All PCR reactions were carried out using the Expand High Fidelity system (Roche Molecular Biochemicals, Mannheim, Germany) and the following conditions: (35 cycles) 96°C for 1 min; 58°C 1 min 40 s; 68°C 1 min 40 s; final extension 68°C 5 min. PCR products were visualized after 1.5% agarose gel electrophoresis, and purified fragments (Qiaquick PCR Purification Kit, Qiagene, Germany) were sequenced using the Big Dye-terminator cycle sequencing kit (Applied Biosystems, Weiterstadt, Germany) on an ABI 3730 automated fluorescence sequencer (Applied Biosystems).

We found a novel deletion of five base pairs c.962-966delACCCC (g.1429-1433delACCCC) beginning at amino acid 321 in exon 3 of the AVPR2 gene (Fig. 1 A, B). It results in a frameshift (p.Asn321fs). The mutation affects the 7th transmembrane helix. Due to the frameshift, all amino acids from position 321 are altered. In addition, position 354 is altered to a termination codon, the resulting protein consisting of 353 instead of 371 amino acids (Fig. 1C). The mutation was confirmed in the heterozygous state in the patient's mother and grandmother. Cascade screening was offered to the family to identify potential carriers.

Discussion

203 different AVPR2 mutations have been reported to cause X-linked diabetes insipidus. The identification of disease-causing mutations and–as a consequence–molecular studies of these in appropriate models have led to a more detailed understanding of molecular mechanisms of AVPR2 defects. An article by Fujiwara and Bichet summarizes the molecular biology of hereditary nephrogenic diabetes insipidus [8]. Most mutations (≥50%) are point mutations 85% of which are amino acid exchanges (missense mutations). Small deletions, such as identified in our patient, account for ∼20% of all disease-causing mutations. While nonsense mutations and many missense mutations (due to intracellular trafficking defects) lead to a full functional defect, a genotype–phenotype correlation appears to exist, since a number of missense mutations may be mild in nature and correspond to a partial phenotype with a diminished but not fully absent response to dDAVP. Mutations affecting ligand binding domains tend to retain partial signalling in vitro, whereas those introducing a charged residue in a transmembrane domain are inactive [5].

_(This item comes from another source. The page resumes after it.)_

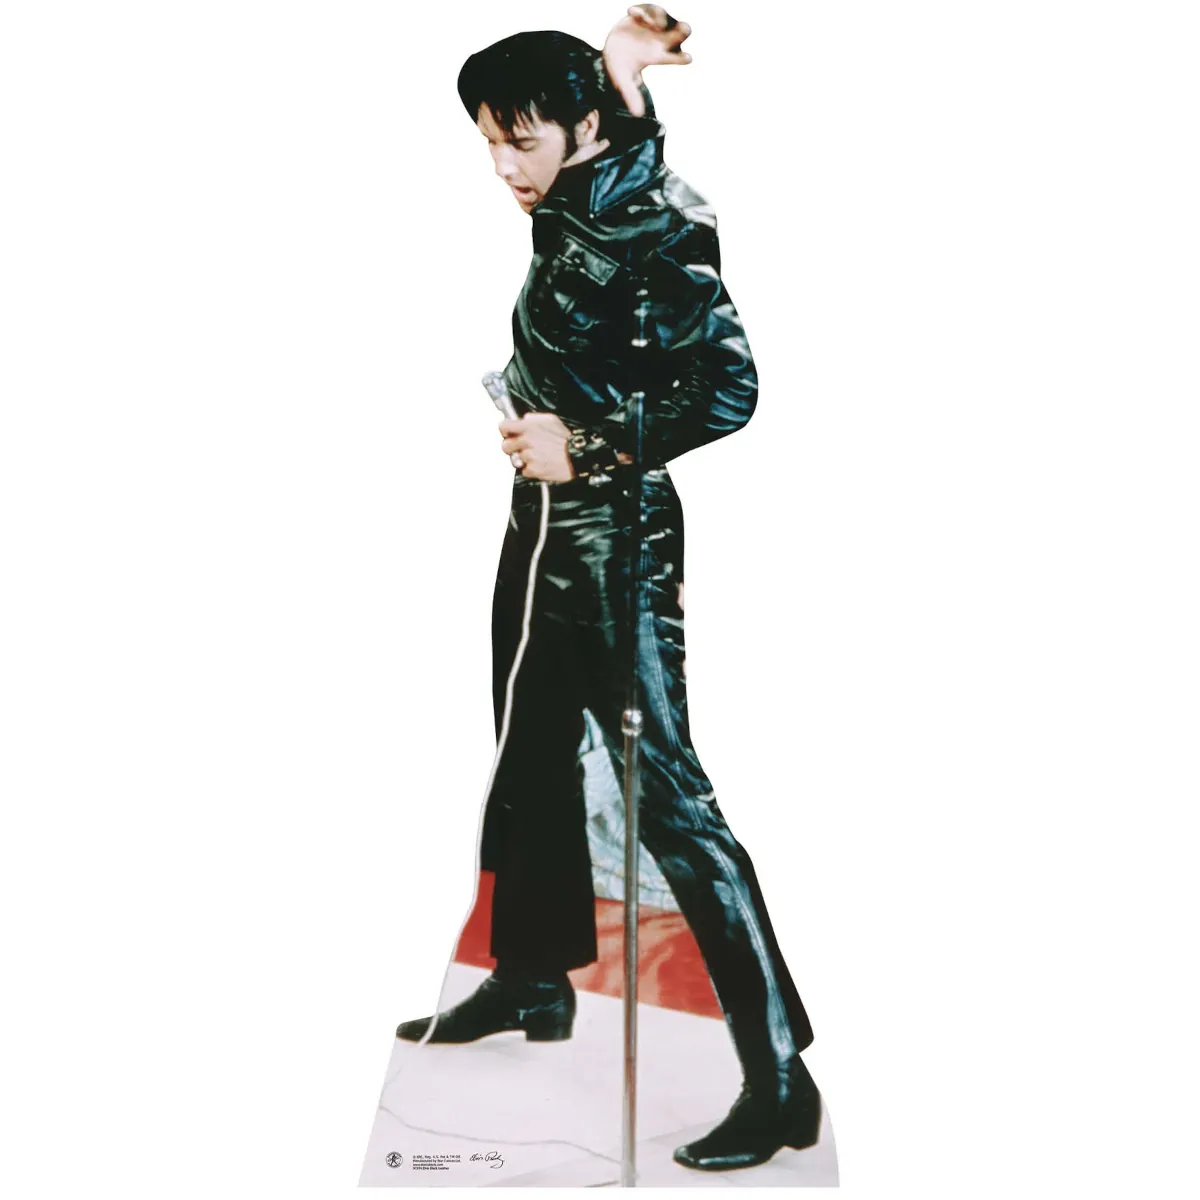 SC594 Elvis Presley 'Black Leather' (American Singer) Official Lifesize Cardboard Cutout Standee Front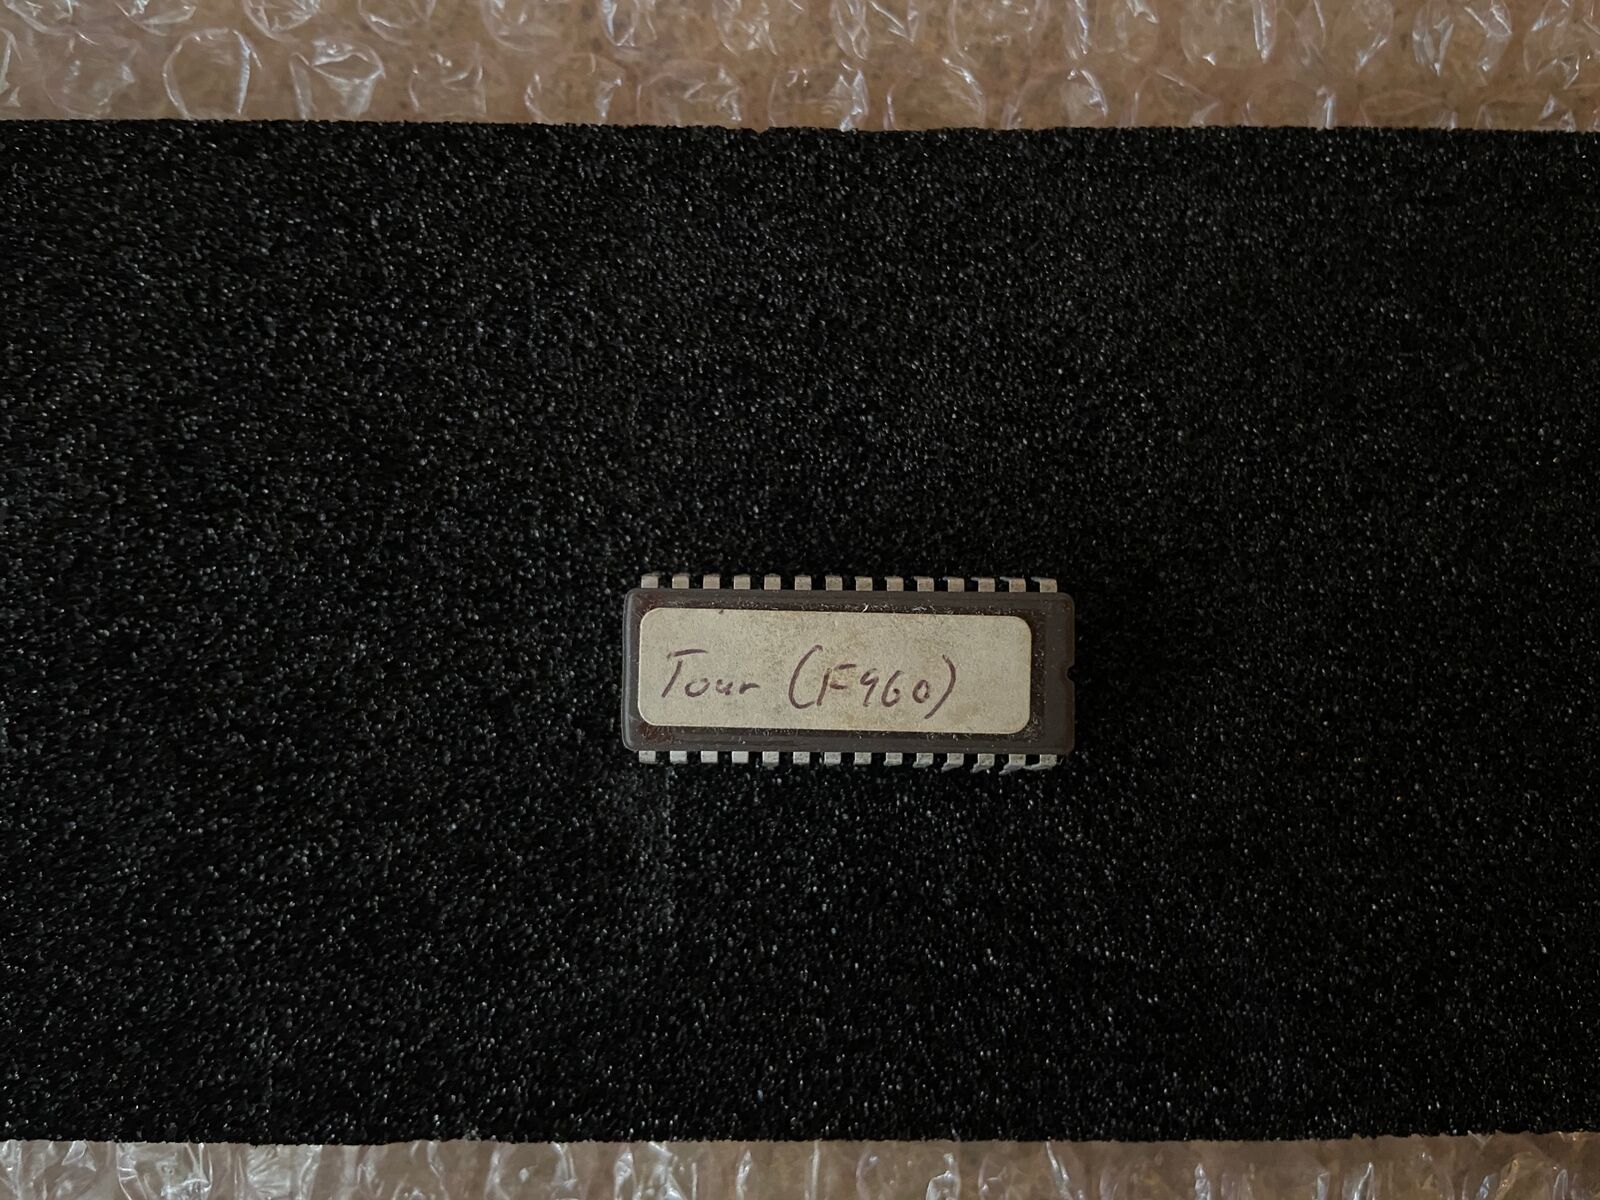 GENUINE IGT TOUR (F960) EPROM *FAST SHIPPING* / (34)

In the family presented here, no response to dDAVP was observed such that a null allele would be expected. Since nonsense mutations at positions 323 [9] and 337 [10] as well as missense mutations at position 321 (N321D, N321K [9]; N321Y [5]) as well as at position 322 (P322H, [11]) show the full phenotype, it may be concluded that the p.Asn321fs mutation completely disrupts the affected allele and causes ADH-unresponsive CNDI. In addition to the confirmation of a diagnosis with immediate specific therapeutic consequences, the molecular diagnosis enables genetic counselling and carrier identification such that affected newborns may be identified immediately after birth in order to avoid developmental sequelae caused by delayed diagnosis and treatment. Therefore, the identification of the underlying molecular defect should be attempted in any newly identified case.

Conflict of interest statement. None declared.